Но никто, кроме Карла, ничего не видел и не слышал, хотя
среди них был индеец, всегда отличавшийся острым слухом,
зорким глазом и тонким нюхом. Они шли по следу Греты, индеец
нюхал землю и мял в руках уже примятые Гретой листья, и говорил:
«Да, Карл, она была здесь, прошла, но не только что, а два
часа назад». Они шли дальше, потихоньку настигая Грету, и
вот, два дня спустя, индеец сказал: «Она была здесь десять
минут назад».

Сама Грета им не была особо нужна. Но по ее следу они шли по
единственной тропе через буреломы леса, за которым начиналось
Залесье – пустынная полоска суши между лесом и морем. К тому же
Карл начал думать, что эти его глюки – с голосом и тенью,
мелькавшей вдали меж деревьев – неспроста. Он с тревогой ждал,
когда они наконец выберутся из страшного леса, испещренного
мелкими ручейками, темнеющего прожилками перепревших
прошлогодних листьев, шуршащего диким зверьем, леса, живущего,
словом, своей тайной жизнью, в которую никому не следует совать
носа. И тут он увидел Грету, да не одну, а с девушкой и
юношей. Они мирно общались на поляне, вдруг выросшей из-за
сплошной стены деревьев. Карл и его отряд притаились на краю
лесной чащобы, так, чтобы их не увидели. Почему-то Карлу
показалось, что пока им еще рано показываться на глаза этим троим.

Девушка была золотоволоса и прекрасна. Карл сразу понял, что это и
есть принцесса – чертами лица она походила на короля. Она
была в охотничьем костюме, должно быть, том самом, в котором
месяц назад отправилась на охоту.

Юноша держал лютню.

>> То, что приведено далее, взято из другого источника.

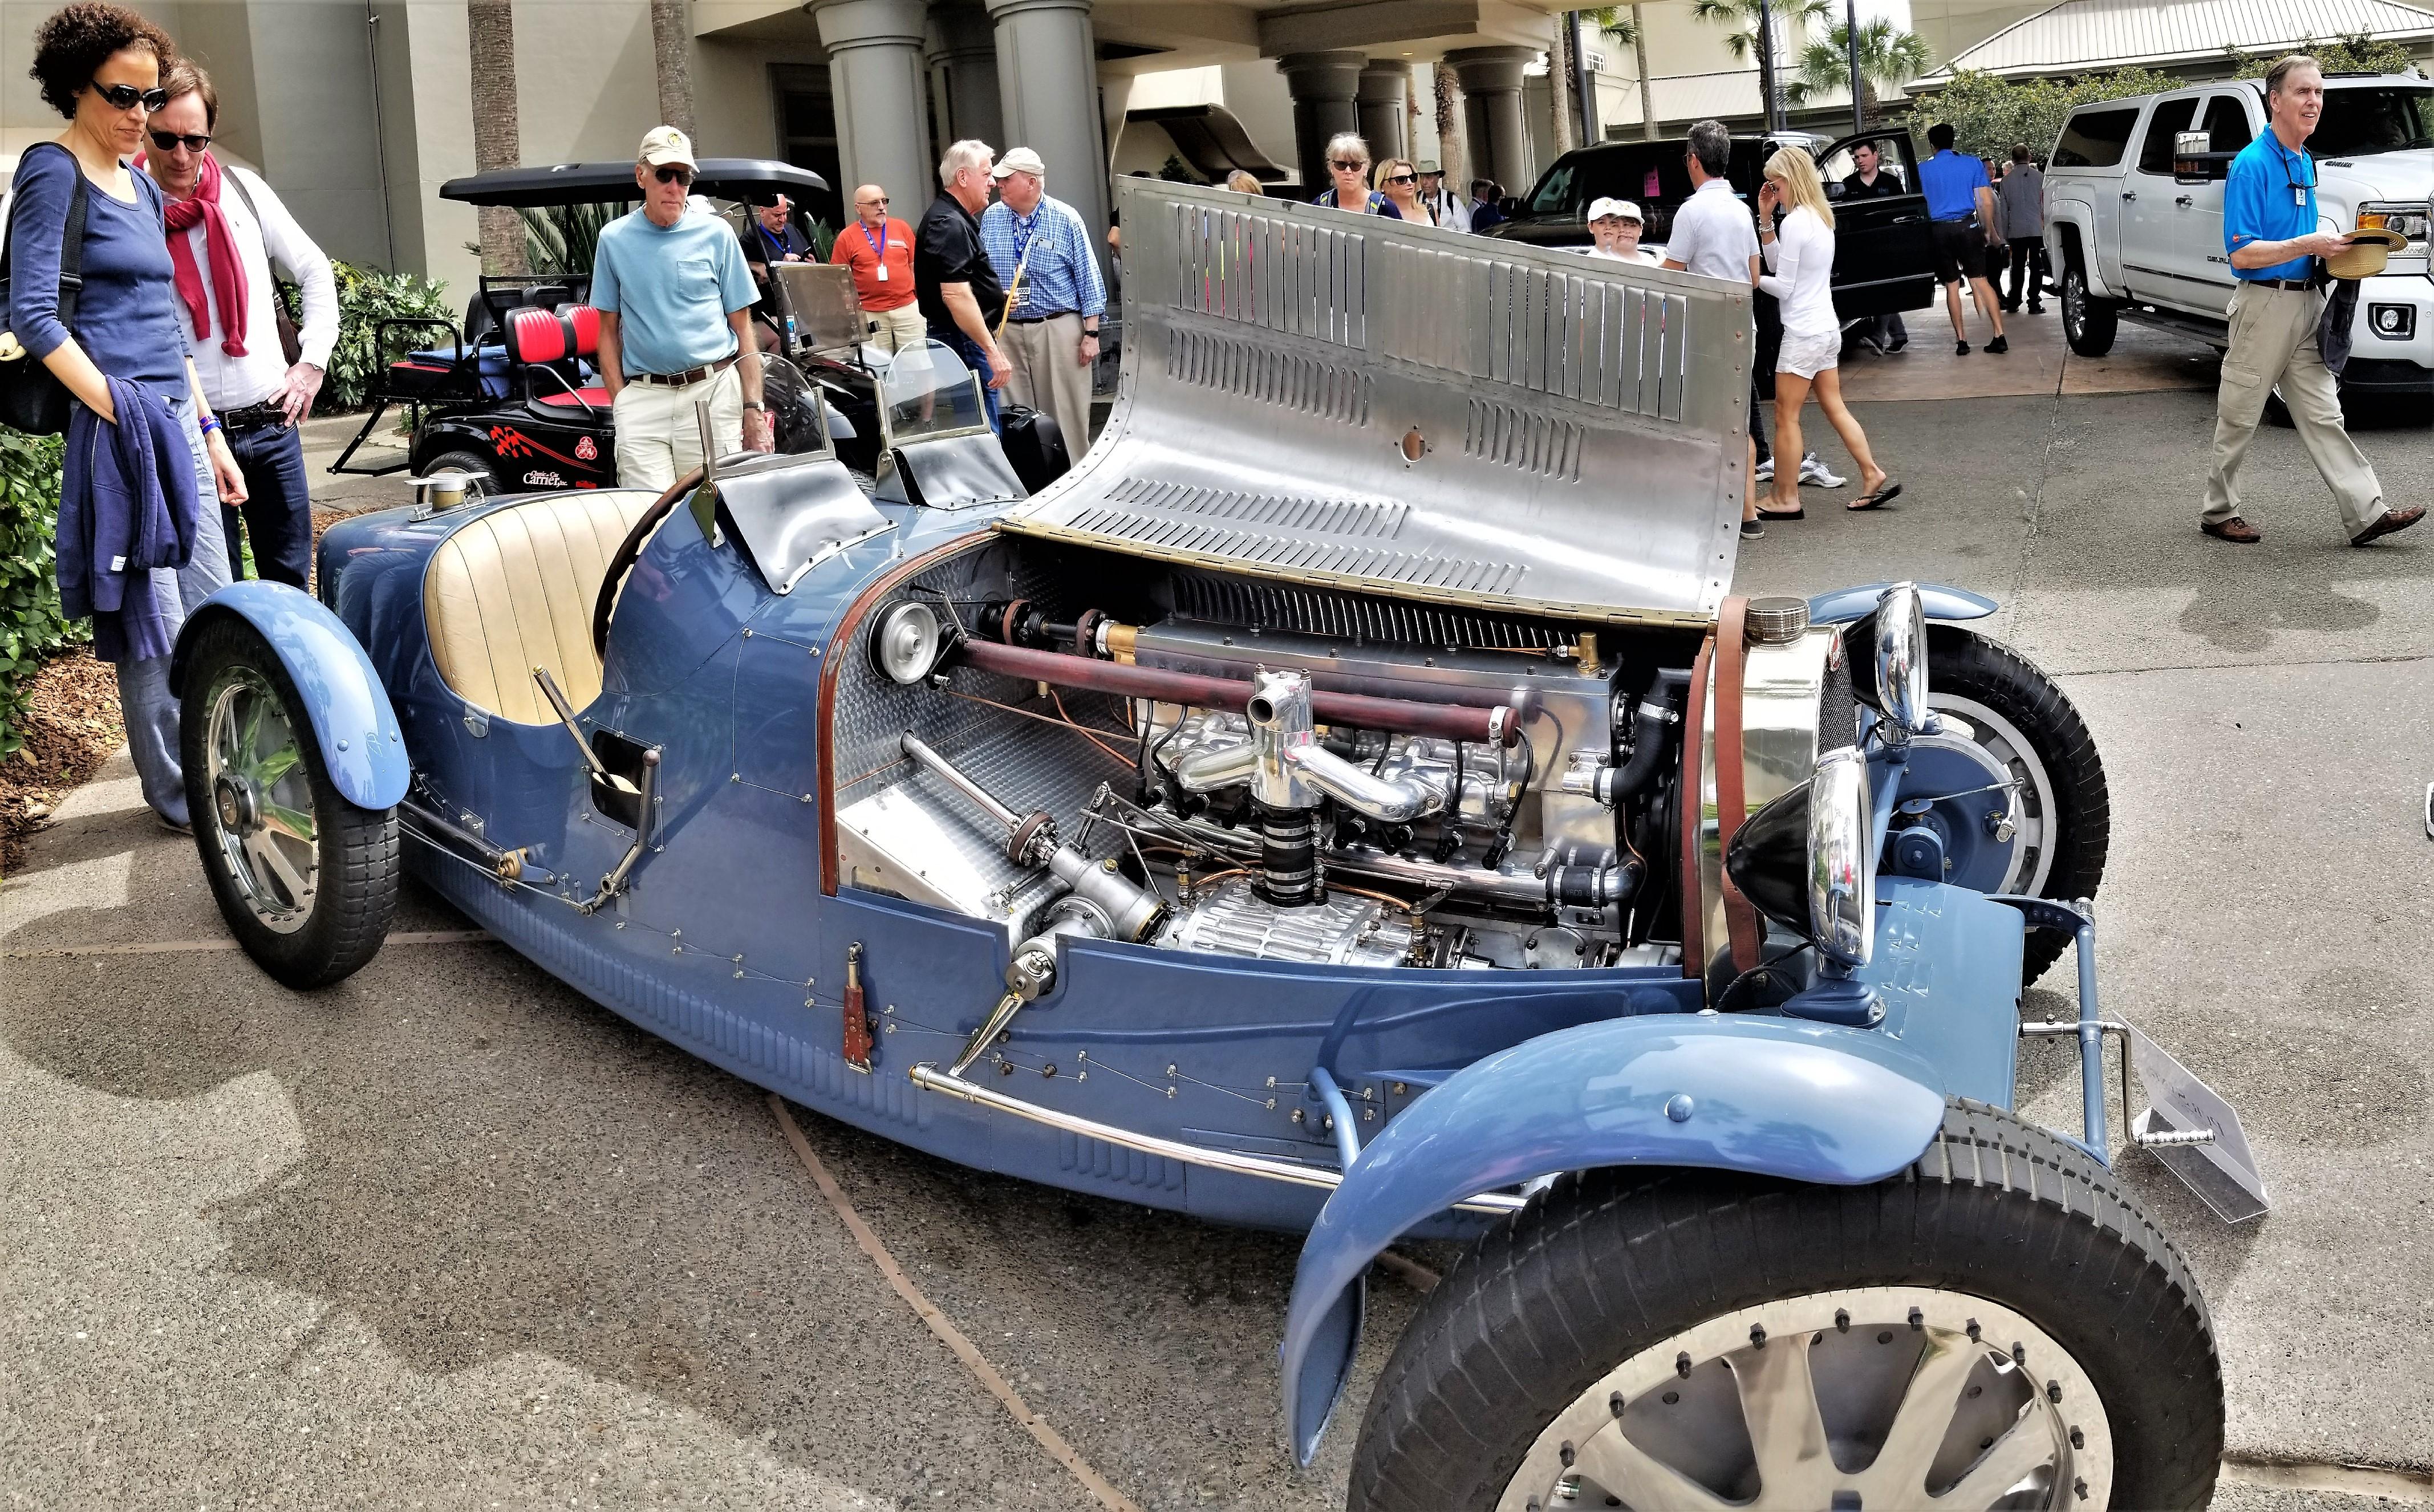 Bugatti racing engine

Должно быть, он был трубадуром. Пока принцесса
общалась с Гретой, он находился чуть в сторонке, и тихонько
наигрывал печальную мелодию, которая показалась Карлу
Возлюбленному Рыцарю похожей на мелодию песни о Розе, которая ждет
своего Карла. Но, вслушавшись, Карл понял, что это другая
песня, старинная и странная. О том, что герои возвращаются с
войны, но находят дома самих себя. И те, которые были дома,
пока герои воевали, их не замечают, или делают вид, что не
замечают, а под вечер закрывают ставни домов, и предаются
любви с женами героев. Ночью герои стоят перед дверьми своих
домов, и не знают, что им делать. Поднимается ветер, и сосны
качаются, и стонут, и зовут героев, вернувшихся с войны. И все
как один они устремляются прочь от своих домов к этим
соснам, и герои пляшут с русалками, вылезшими на берег из озерных
вод, и любят их, прекрасных утопленниц. А те шепчут им, что
пора понять кое-что. С первыми лучами солнца и криками
петухов герои делают выбор – кто-то остается с русалками, а
другие возвращаются в дома своих жен, жить чужой жизнью.

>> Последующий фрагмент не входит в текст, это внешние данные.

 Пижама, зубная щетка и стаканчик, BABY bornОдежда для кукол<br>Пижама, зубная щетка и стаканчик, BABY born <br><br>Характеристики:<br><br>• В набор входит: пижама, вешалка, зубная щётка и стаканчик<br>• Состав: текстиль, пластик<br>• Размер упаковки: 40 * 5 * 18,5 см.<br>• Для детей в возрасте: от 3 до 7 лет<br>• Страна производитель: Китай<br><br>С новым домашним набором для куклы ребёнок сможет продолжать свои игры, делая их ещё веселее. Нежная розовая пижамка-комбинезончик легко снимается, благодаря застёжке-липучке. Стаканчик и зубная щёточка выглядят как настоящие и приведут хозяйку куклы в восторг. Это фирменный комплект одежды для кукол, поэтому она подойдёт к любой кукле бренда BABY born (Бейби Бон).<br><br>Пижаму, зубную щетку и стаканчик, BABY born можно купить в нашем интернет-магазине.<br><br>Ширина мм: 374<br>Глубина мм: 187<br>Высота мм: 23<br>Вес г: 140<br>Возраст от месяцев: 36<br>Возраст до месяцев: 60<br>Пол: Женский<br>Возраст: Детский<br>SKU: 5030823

Песня была о том, что надо иметь мужество отказаться от иллюзий, и
кому-то это дано, а другие, хоть и видят иллюзорность, но не
в силах бороться с ее чарами.

А потом вдруг нищенка кинулась на шею трубадуру, и приняла плакать.
Тот ее тоже обнял, и тоже начал плакать. А потом и принцесса
их обняла, и тоже принялась плакать. Так они и стояли
втроем, обнявшись, и плакали.

Тут Карл подал знак остальным следовать за ним, и его отряд оказался на поляне.

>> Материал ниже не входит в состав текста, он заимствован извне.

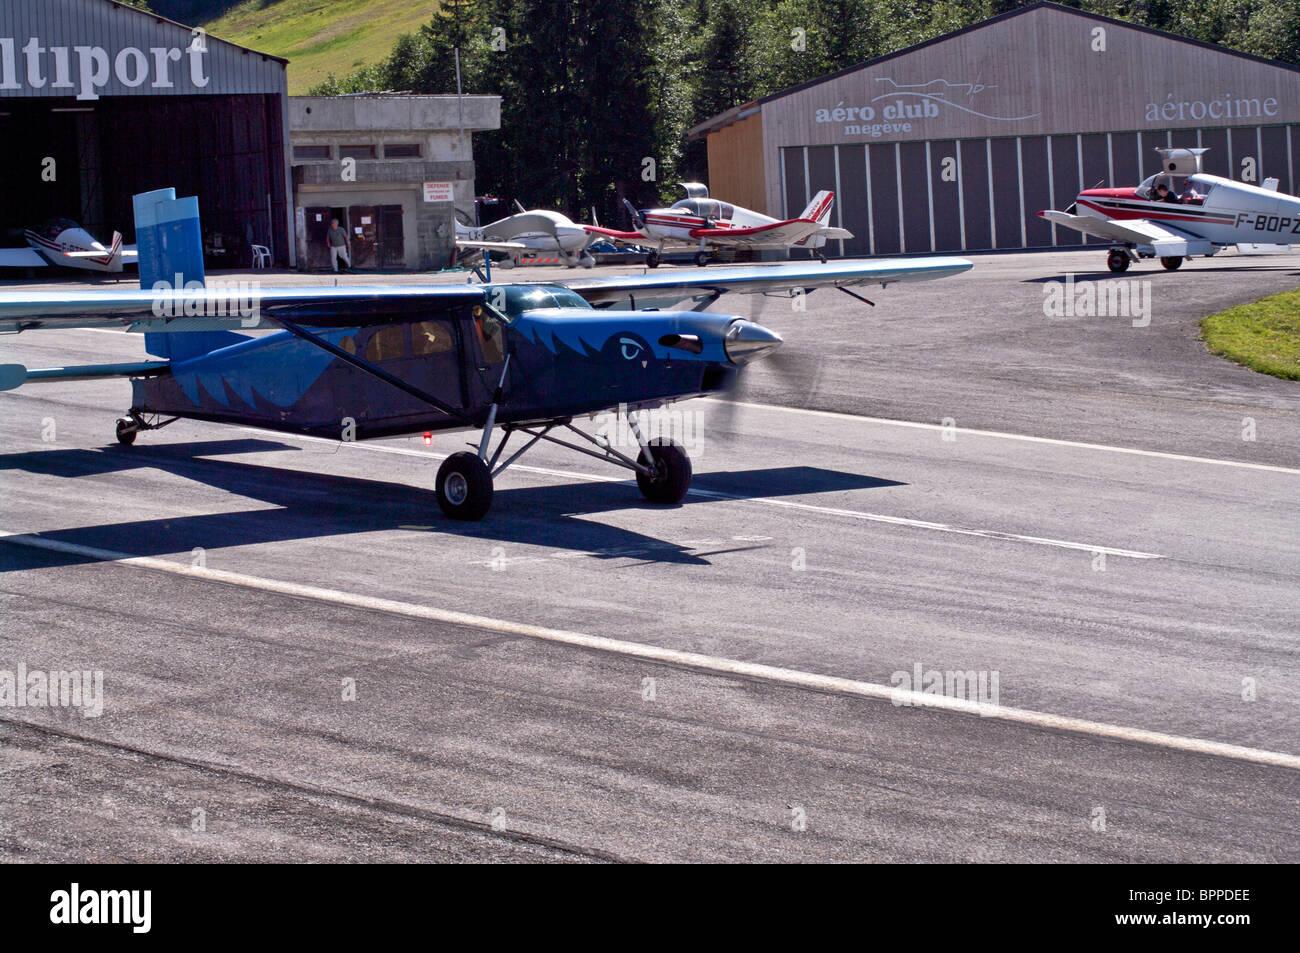 Pilatus PC 6 STOL Torboprop aircraft taxiing - Stock Image

Когда его заметили, Грета воскликнула: «Чудо, Карл, чудо! Сын мой
нашелся! И он женится на принцессе!». Все это было очень
странно и неправдоподобно. Скажем, Капитан, даже знай он всю
предысторию, не поверил бы нищенке, зато тихо приказал бы своим
людям окружить поляну, обезвредить и связать всех, а после
учинить допрос с применением пыток. Но вот Карл верил в
чудеса. По той простой причине, что сам надеялся на чудо. Поэтому
он присоединился к радости этих троих, пожал руку
трубадуру, поцеловал, став на колено, как это всегда делали рыцари,
руку принцессе и, поднявшись, обнял нищенку.

Как оказалось, принцессу никто не похищал. Она сама сбежала с
трубадуром, потому что боялась, что отец воспротивится ее выбору.
А теперь они возвращались из Залесья, где провели целый
месяц вместе, в город, чтобы пасть на колени перед монархом и
просить его смилостивиться и дать благословение на брак.
Познакомились они в городе, где трубадур читал на улице свои
вирши и играл на гитаре.

«Он так похож на отца, – причитала довольная Грета сквозь счастливые
слезу, – Я его и узнала, потому что лицом весь в него. Ты
помнишь, Михаэль, папу?».

«Да, мама», – отвечал тот, тоже, естественно, растроганный и
счастливый теперь вдвойне.

Михаэль рассказал про себя. Их увезли той же ночью, связанных и с
заклеенными ртами, первыми же обозами императорской армии,
которые покидали город. Император часто забирал детей в
качестве контрибуции. Во-первых, из них он выращивал себе солдат
для гвардии – черных рыцарей без страха смерти – ее они не
боялись, поскольку им внушали, что один раз они уже умерли – в
тот самый миг, когда их забирали от родителей. Из таких
вырастали самые бездушные воины, которым было все равно, кого
убивать – главное, чтоб во славу императора. Вторая причина,
почему император так поступал – чтобы ослабить королей,
лишить будущего – эти дети уже не вырастут мстителями. Такой
варварский, но по-своему мудрый и прозорливый обычай император
взял у турок, точно также набиравших будущих янычаров.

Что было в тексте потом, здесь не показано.